Thursday, 26 November 2009

Five ways the internet has transformed our personal finances

Five ways the internet has transformed our personal finances
As The Telegraph marks 15 years of its online presence, we look at how the internet has transformed the way we deal with money matters.

By Richard Evans
Published: 3:40PM GMT 25 Nov 2009

1. Internet banking
Millions of people now take for granted that they can pay bills and transfer money at any time of day and without having to worry about queues – whether in branches or on telephone lines. These days, you never even have to speak to a human being when it comes to personal banking. You can also use the internet to find the best deals on savings accounts and then set up and run accounts online. Sixty per cent of people with instant-access accounts have registered for online banking, according to the British Bankers' Association.

Many people also research the mortgage market online, and some even apply for home loans over the internet.

2. Price-comparison websites
If you want to find the best interest rates for your savings or the best price for your home insurance, you can save time by using a price-comparison website. These provide up-to-date lists of the top accounts, as well as data on the best deals on credit cards and other financial products.

In the old days, we had to phone around brokers or insurers to compare prices for car or home insurance, giving out the same long-winded information every time. Most of us would have given up after a handful of calls.

Comparison sites do all the work, showing the cheapest providers, policy details and links to application forms.

Other sites, such as Kelkoo and Pricerunner, find the lowest prices for goods such as cameras, fridges and PCs.

Comparison sites are also much in demand for finding the best deals on energy, although recent research by The Daily Telegraph found that energy-comparison sites did not always agree about which supplier offered the best deal.

Consumers are becoming more savvy about these discrepancies. While a recent survey by Mintel, the analyst, found that six out of 10 people had used a price-comparison site, the consumer group Which? found that consumers lacked trust in them, with one in four finding better value financial products elsewhere.

3. Voucher codes
The recession has sharpened shoppers' appetite for a bargain – and many cost-conscious consumers have turned to the internet to track down special offers.

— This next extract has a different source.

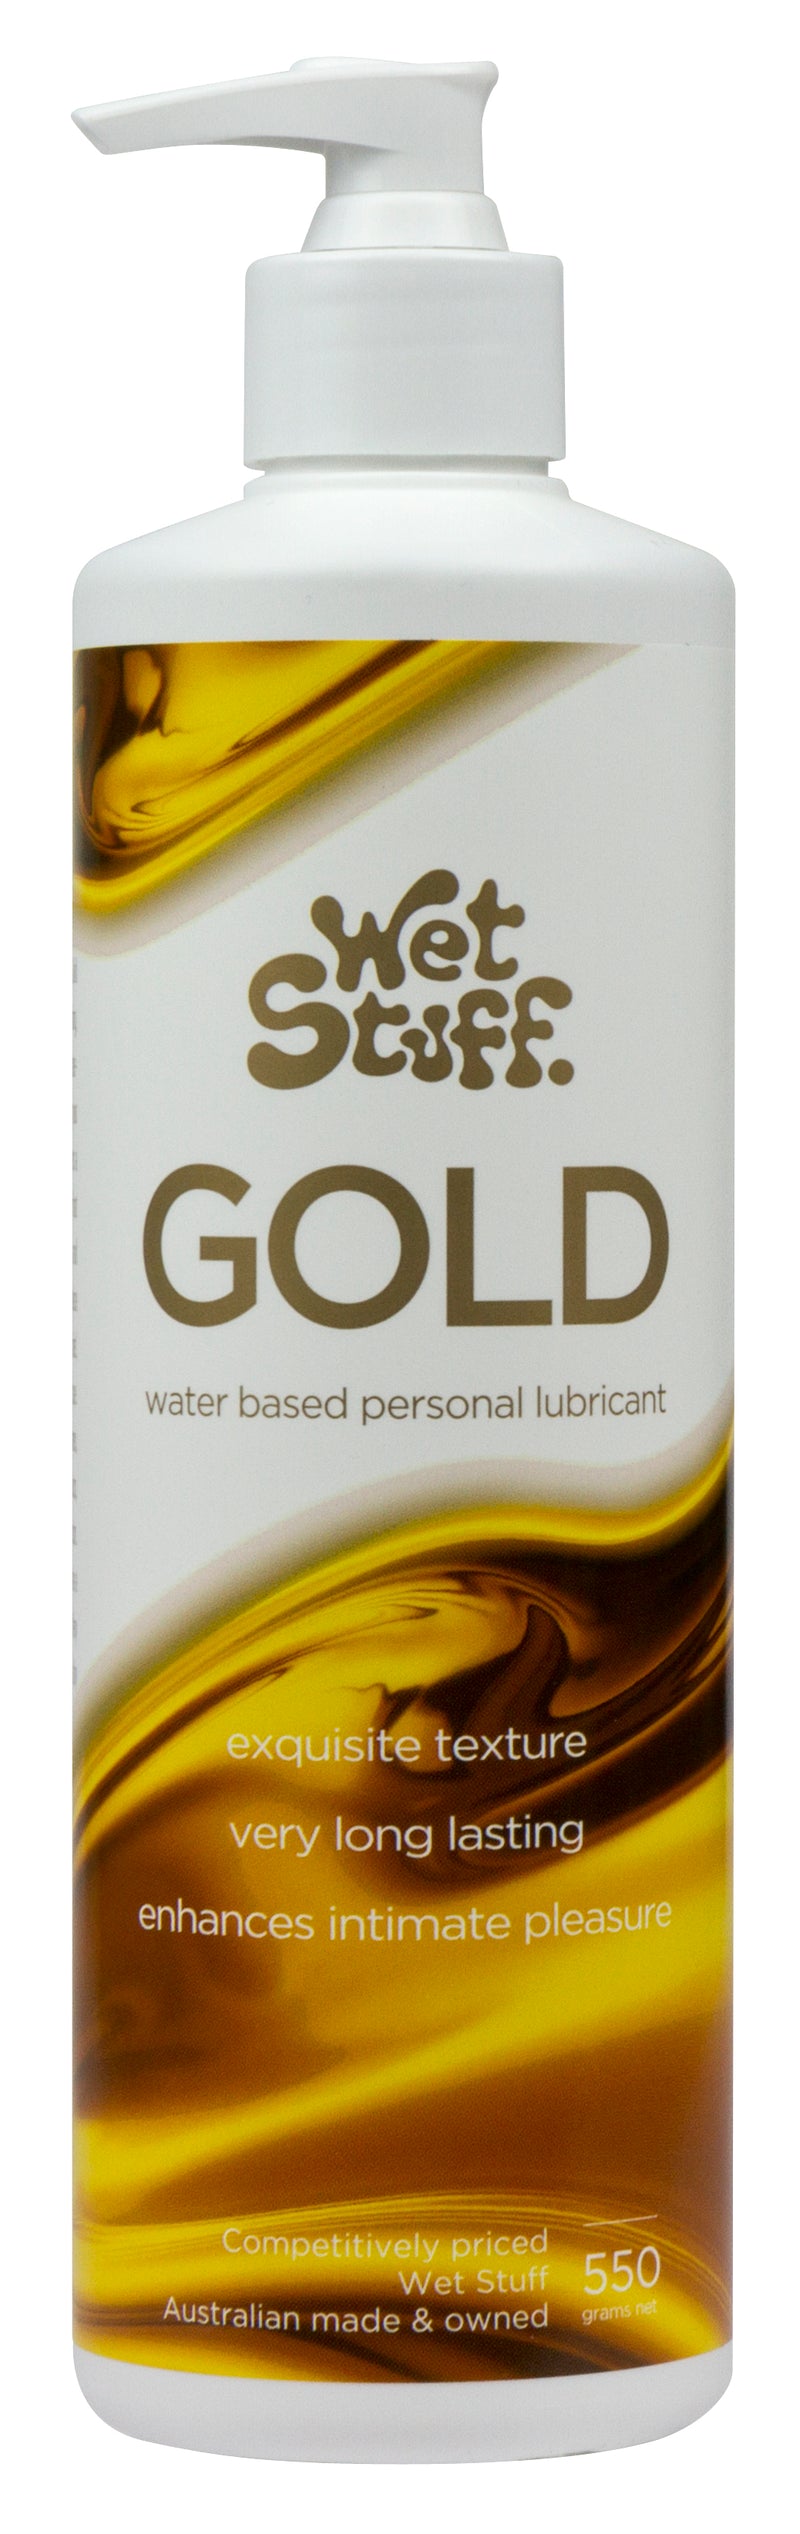 Wet Stuff Gold 550g

If you want to save money at Tesco you can just type "Tesco voucher codes" into a search engine and find dozens of sites offering the discount codes – short combinations of numbers and letters that you enter into the online checkout. Hundreds of retailers operate these schemes; some also allow you to print off vouchers from the website to claim discounts in shops and restaurants.

According to research from, more than 2.2 million discount vouchers are redeemed every day, while an internet traffic analyst found that the number of web searches in Britain for discount vouchers had increased by 48 per cent over the past year.

4. Dealing and investing
Ten years ago, small investors who wanted to trade shares had to phone a broker. Now they can buy and sell online. Nine out of 10 share deals are made online, according to Barclays Stockbrokers.

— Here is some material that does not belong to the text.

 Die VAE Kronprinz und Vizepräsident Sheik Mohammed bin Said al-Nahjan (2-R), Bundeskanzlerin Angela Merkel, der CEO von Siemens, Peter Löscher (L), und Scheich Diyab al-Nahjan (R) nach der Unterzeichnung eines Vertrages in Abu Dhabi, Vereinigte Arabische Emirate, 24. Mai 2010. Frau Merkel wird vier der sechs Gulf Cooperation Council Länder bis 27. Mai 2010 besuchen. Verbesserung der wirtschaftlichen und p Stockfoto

Access to information online has helped level the playing field between small shareholders and professional investors with the resources of large banks behind them. "The role of the internet is key, giving the individual at home with a laptop access to the kind of tools, research and up-to-the-minute data previously the preserve of City traders," said Des Byrne, head of Barclays Stockbrokers. "The internet brought financial democracy to newly empowered investors."

People can buy investment funds, such as unit trusts from "fund supermarkets" – online shops that usually offer discounts on charges. These funds are often held in tax-free wrappers, such as individual savings accounts or personal pensions.

5. Buying and selling
Auction websites, such as eBay, have made it far easier to buy and sell second-hand goods, which in the pre-internet age would have meant a trip to the car boot sale. The average British home is estimated to have at least £450 worth of saleable items, typically clothes, CDs, DVDs, books and toys. Online auctions offer a quick way to turn them into cash. About one billion items have been sold on in the past 10 years, and 17 million people use the site each month.